** Try it **
Repeat the data exactly. Pictures stay out.

** Dataset content **
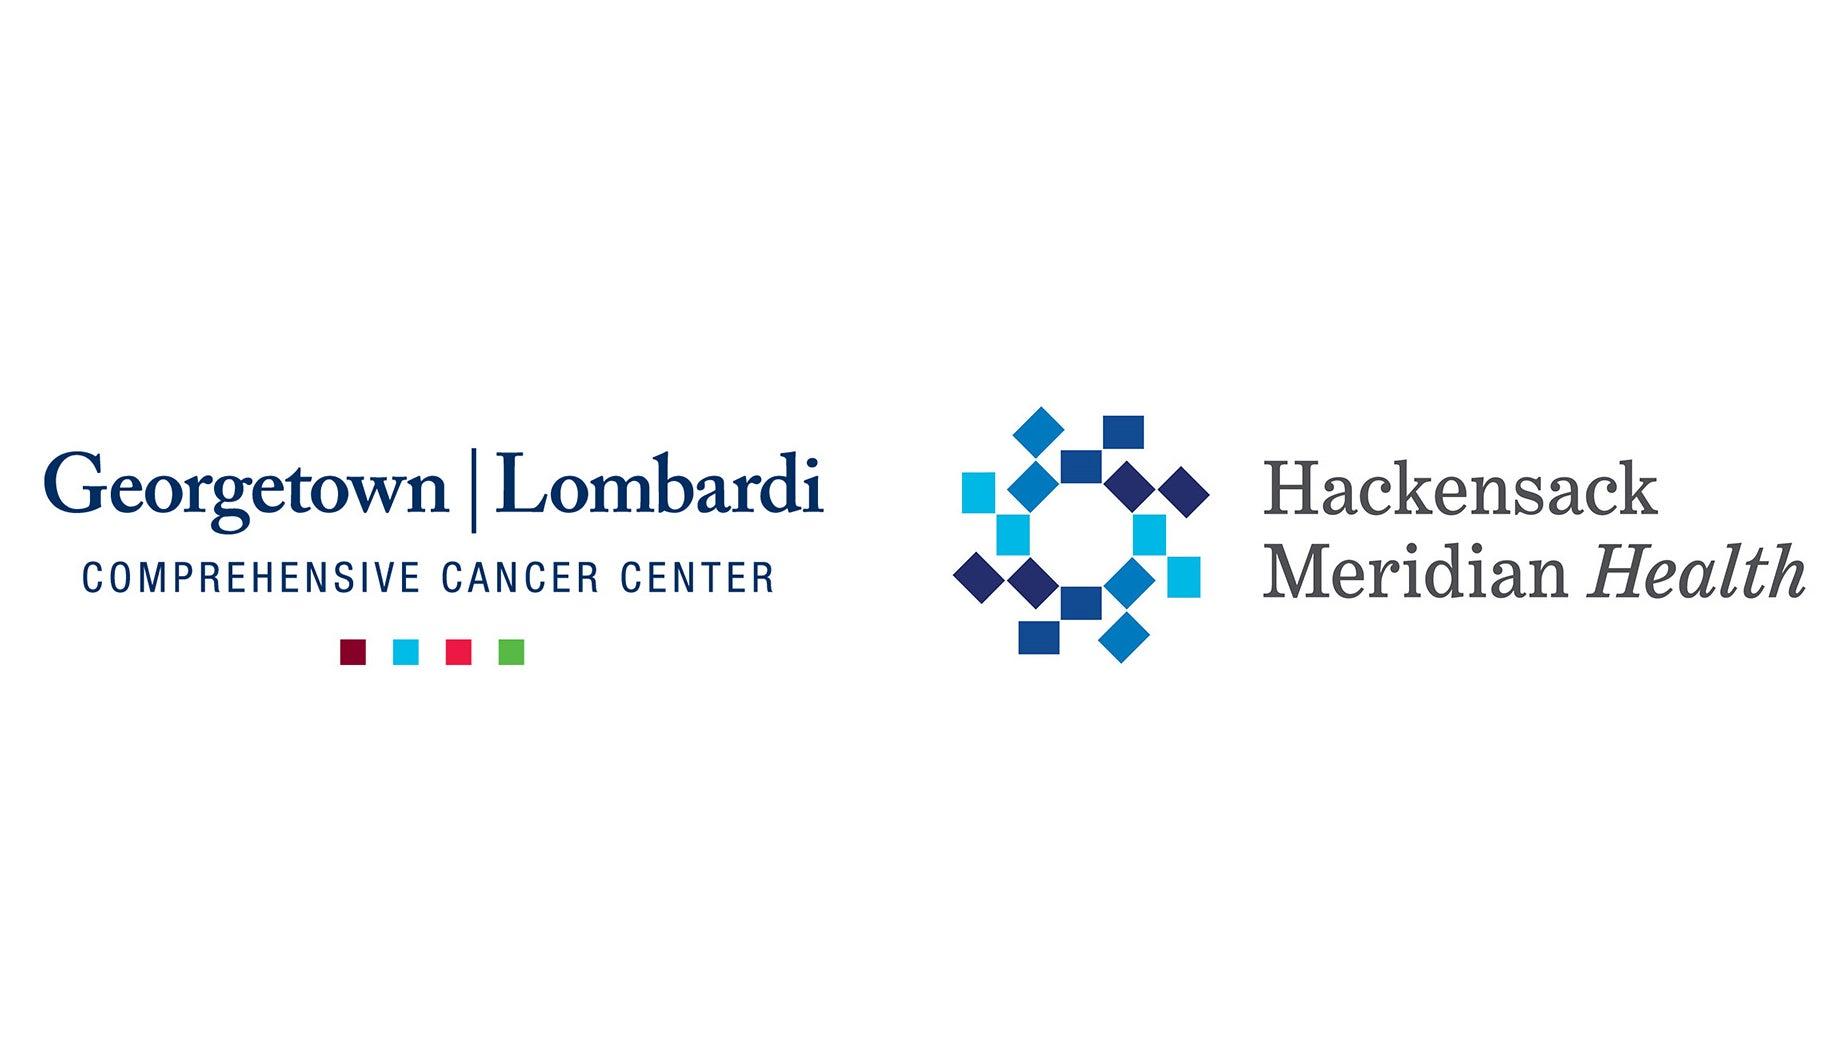 Georgetown Lombardi and Hackensack Meridian Health logos
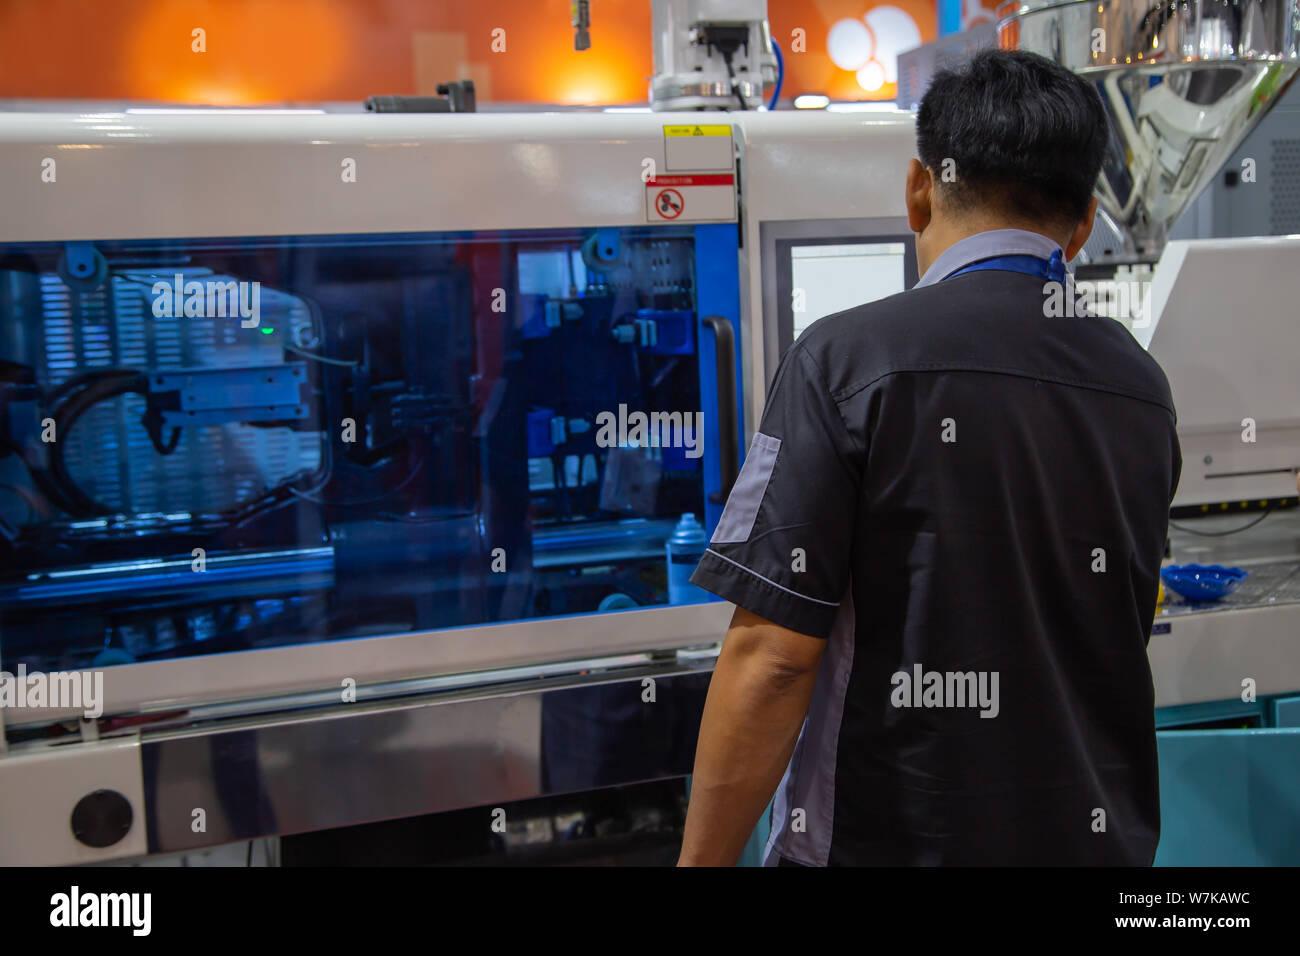 Injection Molding Machine Stock Photos & Injection Molding
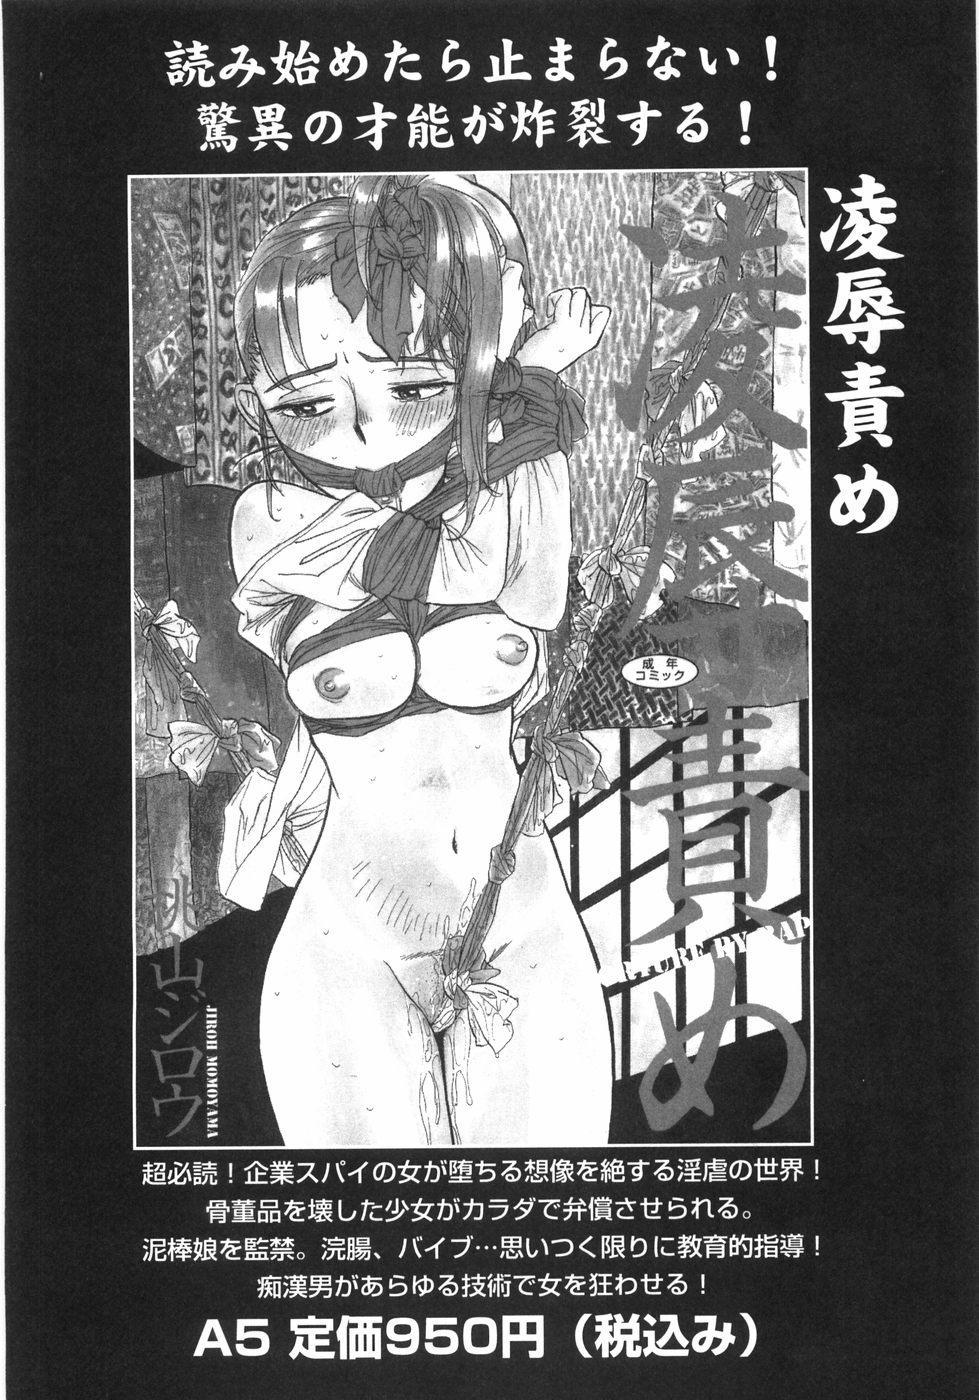 Ningyou no Yakata - The Doll House 170

** Response to this task **
 Georgetown Lombardi and Hackensack Meridian Health logos
 Injection Molding Machine Stock Photos & Injection Molding
 Ningyou no Yakata - The Doll House 170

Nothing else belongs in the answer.